Сергей Лебедев - Предел забвения
В доме было царство рукодельных ковриков, покрывал, занавесей; на видном месте стояла швейная машина, старый «Зингер», и казалось, будто старухе досталась волшебная катушка с нескончаемой нитью; она шила, пряла, вязала, а нить не кончалась, и старуха уже не знала, что делать с ней, но боялась остановить машину и прялку, опустить вязальные спицы: а вдруг эта нить — ее жизнь?

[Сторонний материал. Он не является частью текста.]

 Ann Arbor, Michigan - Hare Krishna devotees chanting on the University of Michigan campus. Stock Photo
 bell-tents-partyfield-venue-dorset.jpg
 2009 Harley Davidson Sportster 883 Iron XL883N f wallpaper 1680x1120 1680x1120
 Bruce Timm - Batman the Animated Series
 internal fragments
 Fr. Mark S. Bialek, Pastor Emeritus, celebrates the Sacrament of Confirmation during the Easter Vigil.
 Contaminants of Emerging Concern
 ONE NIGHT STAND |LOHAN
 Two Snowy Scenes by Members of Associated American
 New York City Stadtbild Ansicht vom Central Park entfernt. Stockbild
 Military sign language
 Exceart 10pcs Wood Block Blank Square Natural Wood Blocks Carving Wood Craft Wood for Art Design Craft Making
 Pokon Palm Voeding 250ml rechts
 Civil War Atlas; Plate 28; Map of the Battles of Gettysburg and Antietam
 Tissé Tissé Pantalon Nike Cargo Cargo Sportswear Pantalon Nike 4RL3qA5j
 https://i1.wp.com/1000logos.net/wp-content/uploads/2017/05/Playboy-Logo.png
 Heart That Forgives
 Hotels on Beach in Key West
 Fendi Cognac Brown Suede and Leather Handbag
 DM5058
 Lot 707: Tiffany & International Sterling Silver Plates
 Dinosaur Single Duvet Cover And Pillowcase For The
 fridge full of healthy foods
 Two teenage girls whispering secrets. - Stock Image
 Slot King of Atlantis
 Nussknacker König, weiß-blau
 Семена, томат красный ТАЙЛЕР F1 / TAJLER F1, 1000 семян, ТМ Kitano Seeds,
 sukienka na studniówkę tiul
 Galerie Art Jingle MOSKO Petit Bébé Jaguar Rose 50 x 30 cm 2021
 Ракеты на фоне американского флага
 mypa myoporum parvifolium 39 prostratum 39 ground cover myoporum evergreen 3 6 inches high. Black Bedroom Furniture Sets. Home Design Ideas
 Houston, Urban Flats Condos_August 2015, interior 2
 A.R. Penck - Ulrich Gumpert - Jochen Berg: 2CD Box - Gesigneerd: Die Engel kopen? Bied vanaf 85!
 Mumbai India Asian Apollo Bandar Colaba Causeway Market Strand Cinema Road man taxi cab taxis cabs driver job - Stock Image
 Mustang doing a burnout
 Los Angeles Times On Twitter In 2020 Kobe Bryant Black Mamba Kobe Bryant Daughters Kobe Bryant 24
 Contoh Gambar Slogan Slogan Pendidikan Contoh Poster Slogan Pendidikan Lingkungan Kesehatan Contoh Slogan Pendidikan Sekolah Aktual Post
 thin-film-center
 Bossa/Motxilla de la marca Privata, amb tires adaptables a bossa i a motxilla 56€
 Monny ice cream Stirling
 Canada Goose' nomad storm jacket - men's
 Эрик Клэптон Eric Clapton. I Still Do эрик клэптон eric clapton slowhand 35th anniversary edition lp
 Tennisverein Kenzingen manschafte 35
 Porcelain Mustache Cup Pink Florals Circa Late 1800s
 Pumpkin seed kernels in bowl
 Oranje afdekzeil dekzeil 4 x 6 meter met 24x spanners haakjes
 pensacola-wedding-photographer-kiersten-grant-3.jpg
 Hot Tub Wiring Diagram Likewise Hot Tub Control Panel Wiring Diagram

На стене в рамке висела вырезка из газеты, увитая бумажными цветами — атеистический жертвенник; эта вырезка — старуха стала говорить о ней — определила ее судьбу. Там, на фотографии, была она, молодая ткачиха, единственная из всех жителей города когда-то лично видевшая большевика, в чью честь город был назван, и даже сфотографированная с ним; он принимал делегацию ткачих-ударниц, взяли и ее, совсем малолетнюю, как пример работы с молодежью; потом большевик был убит, а она уехала в город его имени — и в этом городе газетный листок стал охранной грамотой. Пока город носил свое название, власть — и советская, и та, что пришла после — обихаживала ее; старуха — это мне сообщили уже после — рассказывала о большевике в школах и детских садах, на городских собраниях и юбилеях; ее собственная жизнь была несущественна, она стала чем-то вроде фотопленки или грампластинки, где отпечатались изображение и голос покойника; старуха не присочиняла, не выдумывала небывшего; она трудилась очевидцем.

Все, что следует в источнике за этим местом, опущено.